In another aspect, embodiments of the present invention encompass methods for determining an adjusted basis data for use in a laser ablation vision procedure for a patient. Exemplary methods can include inputting an initial basis data, where the initial basis data includes a set of pulse profiles, inputting a treatment target for the patient, where the treatment target is based on a wavefront measurement, a topography measurement, or both for the patient and the initial basis data, generating a predicted surgery outcome for the patient, where the predicted surgery outcome is based on the treatment target, comparing the predicted surgery outcome with an actual surgery outcome for the patient, where the actual surgery outcome is based on an optical coherence tomography analysis of an eye of the patient treated with the treatment target as part of a laser ablation vision procedure, and determining, via a processing module having a tangible medium embodying machine-readable code, an adjusted basis data, where the adjusted basis data is based on the initial basis data and the comparison between the predicted surgery outcome and the actual surgery outcome for the patient, and where the adjusted basis data comprises a set of pulse profiles that differs from the set of pulse profiles of the initial basis data. In some cases, methods include determining an adjusted patient treatment target for the patient, where the adjusted patient treatment target is based on the adjusted basis data and the wavefront measurement for the patient. In some cases, methods can include delivering the adjusted patient treatment target to the patient. In some cases, the step of comparing the predicted surgery outcome with the actual surgery outcome for the patient is based on a least mean squares comparison.
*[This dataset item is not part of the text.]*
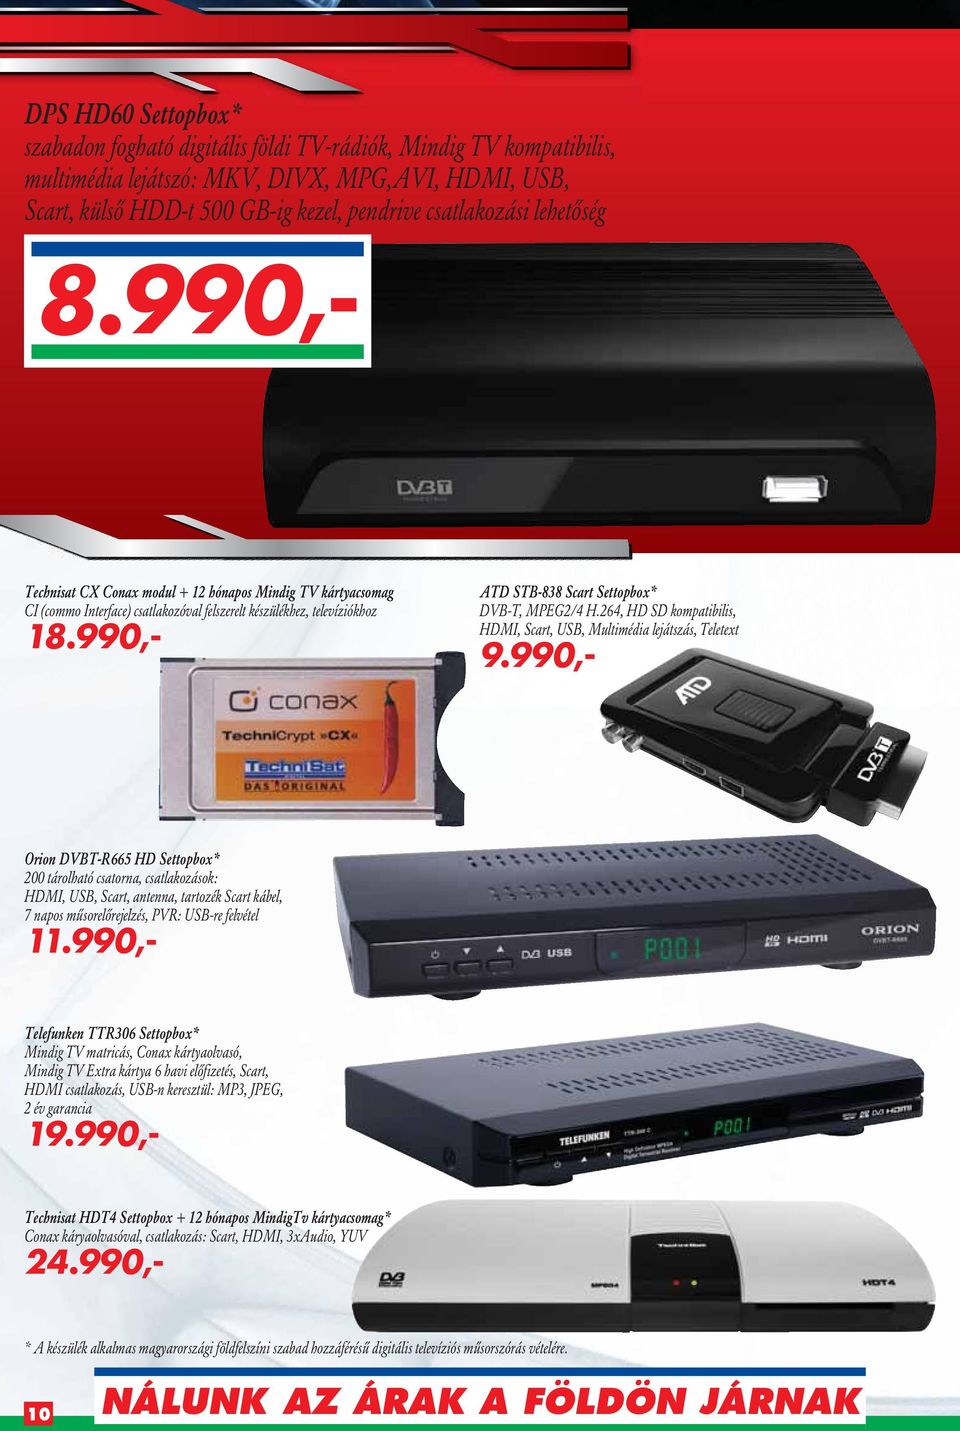 990,- ATD STB-838 Scart Settopbox* DVB-T, MPEG2/4 H.264, HD SD kompatibilis, HDMI, Scart, USB, Multimédia lejátszás, Teletext 9.

In still yet another aspect, embodiments of the present invention encompass systems for determining an adjusted basis data for use in a laser ablation vision procedure for a patient. Exemplary systems can include a processor, and a storage medium having a computer application that, when executed by the processor, is configured to cause the system to access an initial basis data, where the initial basis data includes a set of pulse profiles, to generate a treatment target for the patient, where the treatment target is based on a wavefront measurement, a topography measurement, or both for the patient and the initial basis data, to generate a predicted surgery outcome for the patient, where the predicted surgery outcome is based on the treatment target, to compare the predicted surgery outcome with an actual surgery outcome for the patient, where the actual surgery outcome is based on an optical coherence tomography analysis of an eye of the patient treated with the treatment target, and to determine the adjusted basis data for use in the laser ablation vision procedure, where the adjusted basis data is based on the initial basis data and the comparison between the predicted surgery outcome and the actual surgery outcome for the patient, and where the adjusted basis data includes a set of pulse profiles that differs from the set of pulse profiles of the initial basis data. In some cases, the processor is configured to receive the initial basis data as input. In some cases, systems can include a laser ablation delivery module configured to deliver the treatment target and the adjusted treatment target to the patient. In some cases, the computer application, when executed on the processor, is configured to cause the system to compare the predicted surgery outcome with the actual surgery outcome for the patient based on a least mean squares comparison.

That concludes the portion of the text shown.